**DATA EXCERPTS:**
┌──

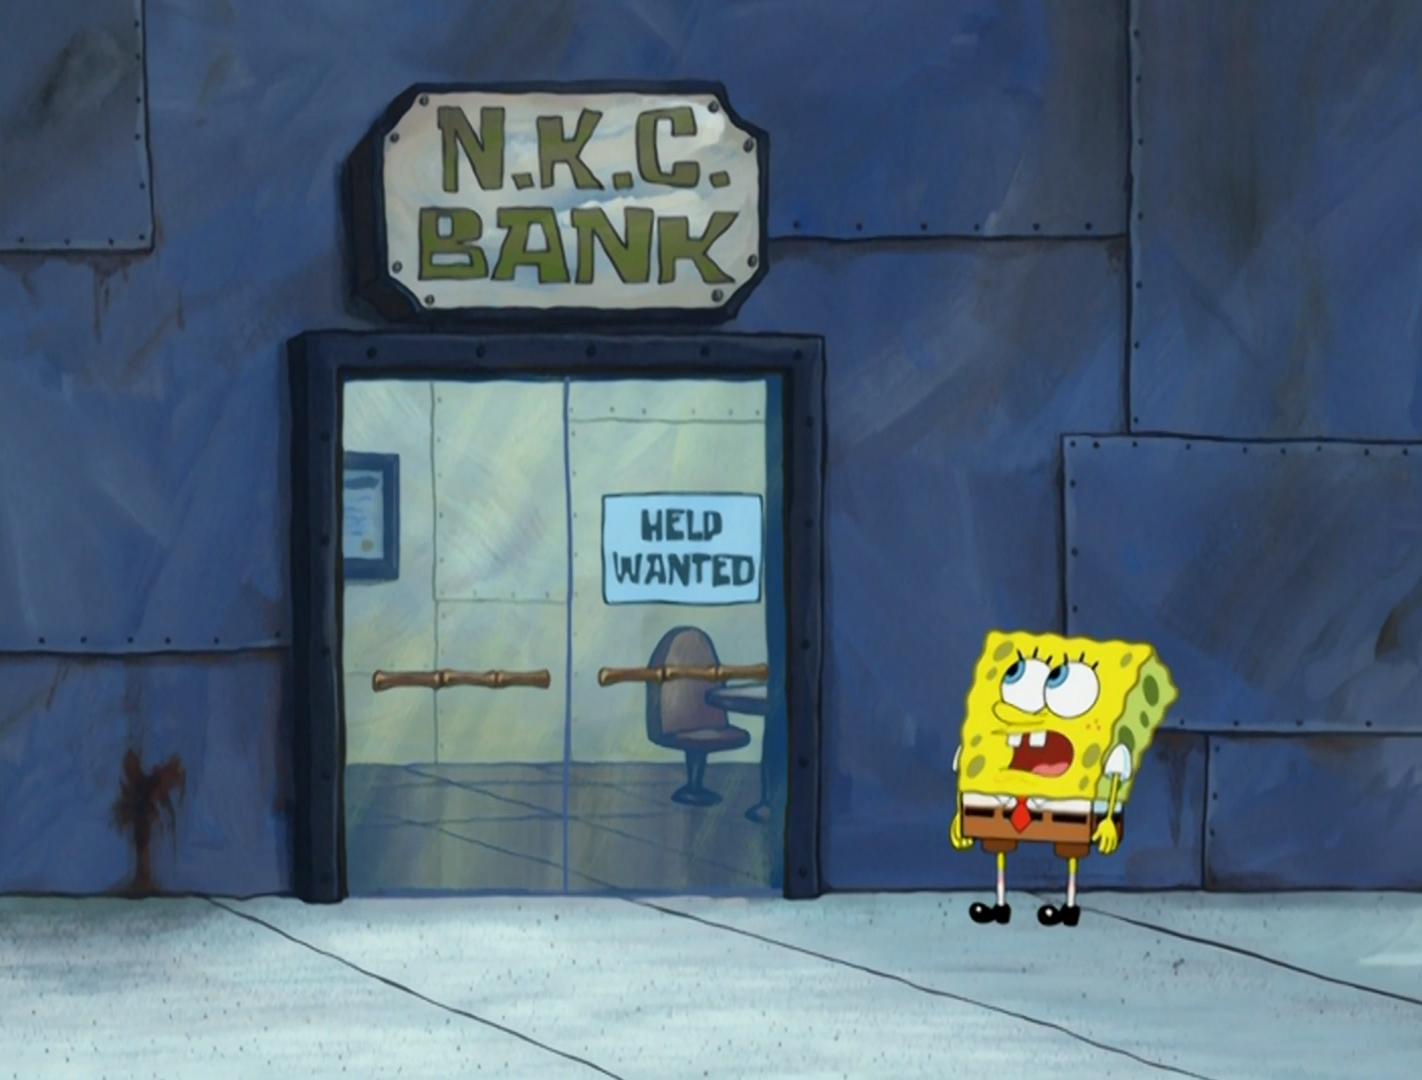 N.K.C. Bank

└──
┌──

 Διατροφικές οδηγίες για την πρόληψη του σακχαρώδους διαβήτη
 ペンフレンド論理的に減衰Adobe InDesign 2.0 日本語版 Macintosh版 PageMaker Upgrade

└──

**YOUR OBJECTIVE:** Please reproduce, exactly as they appear above, the lines from the line containing "Διατροφικές οδηγίες για" up to and including the line containing "ペンフレンド論理的に減衰Adobe InDesign 2.0".

**SOLUTION:**
 Διατροφικές οδηγίες για την πρόληψη του σακχαρώδους διαβήτη
 ペンフレンド論理的に減衰Adobe InDesign 2.0 日本語版 Macintosh版 PageMaker Upgrade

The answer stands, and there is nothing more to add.